(Records contained in a dataset)
◇ ◇ ◇
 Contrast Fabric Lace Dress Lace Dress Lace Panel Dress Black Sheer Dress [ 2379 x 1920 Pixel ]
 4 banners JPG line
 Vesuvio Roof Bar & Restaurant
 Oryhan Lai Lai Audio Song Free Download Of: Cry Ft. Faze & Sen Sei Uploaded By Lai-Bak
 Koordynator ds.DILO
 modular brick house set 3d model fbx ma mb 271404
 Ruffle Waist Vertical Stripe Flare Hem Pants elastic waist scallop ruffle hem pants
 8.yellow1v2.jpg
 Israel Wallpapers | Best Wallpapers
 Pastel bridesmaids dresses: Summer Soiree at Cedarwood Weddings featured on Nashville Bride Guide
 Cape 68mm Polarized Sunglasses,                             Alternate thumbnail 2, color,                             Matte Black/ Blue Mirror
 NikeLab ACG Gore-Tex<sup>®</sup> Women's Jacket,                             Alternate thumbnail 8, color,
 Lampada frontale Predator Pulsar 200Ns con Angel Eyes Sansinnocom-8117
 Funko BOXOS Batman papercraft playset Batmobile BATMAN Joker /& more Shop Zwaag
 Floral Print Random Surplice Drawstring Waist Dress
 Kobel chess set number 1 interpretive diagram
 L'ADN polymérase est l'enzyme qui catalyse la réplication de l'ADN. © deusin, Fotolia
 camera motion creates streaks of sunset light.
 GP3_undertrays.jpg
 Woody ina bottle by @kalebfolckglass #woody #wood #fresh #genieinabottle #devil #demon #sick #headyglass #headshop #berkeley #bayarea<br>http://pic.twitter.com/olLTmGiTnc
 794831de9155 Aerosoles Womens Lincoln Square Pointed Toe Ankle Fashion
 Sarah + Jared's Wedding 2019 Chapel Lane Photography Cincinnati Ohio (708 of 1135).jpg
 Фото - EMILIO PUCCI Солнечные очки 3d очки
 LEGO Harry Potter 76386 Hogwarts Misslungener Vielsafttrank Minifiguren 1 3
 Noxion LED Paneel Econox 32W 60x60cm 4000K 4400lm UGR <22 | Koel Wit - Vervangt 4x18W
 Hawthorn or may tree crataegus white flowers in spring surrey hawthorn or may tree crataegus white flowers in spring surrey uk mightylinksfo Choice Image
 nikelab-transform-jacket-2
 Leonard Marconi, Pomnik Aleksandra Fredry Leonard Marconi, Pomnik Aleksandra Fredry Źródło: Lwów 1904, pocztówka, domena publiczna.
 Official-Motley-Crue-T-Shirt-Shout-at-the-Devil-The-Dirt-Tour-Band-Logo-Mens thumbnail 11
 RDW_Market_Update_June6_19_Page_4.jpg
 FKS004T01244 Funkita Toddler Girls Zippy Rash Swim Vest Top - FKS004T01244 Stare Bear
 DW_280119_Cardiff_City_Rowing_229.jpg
◇ ◇ ◇
* **Problem requirements**: Taking the entries above, write out exactly each line from the one holding "Ruffle Waist Vertical" to the one holding "Floral Print Random", both included, and stop there.

* **Exercise response**:
 Ruffle Waist Vertical Stripe Flare Hem Pants elastic waist scallop ruffle hem pants
 8.yellow1v2.jpg
 Israel Wallpapers | Best Wallpapers
 Pastel bridesmaids dresses: Summer Soiree at Cedarwood Weddings featured on Nashville Bride Guide
 Cape 68mm Polarized Sunglasses,                             Alternate thumbnail 2, color,                             Matte Black/ Blue Mirror
 NikeLab ACG Gore-Tex<sup>®</sup> Women's Jacket,                             Alternate thumbnail 8, color,
 Lampada frontale Predator Pulsar 200Ns con Angel Eyes Sansinnocom-8117
 Funko BOXOS Batman papercraft playset Batmobile BATMAN Joker /& more Shop Zwaag
 Floral Print Random Surplice Drawstring Waist Dress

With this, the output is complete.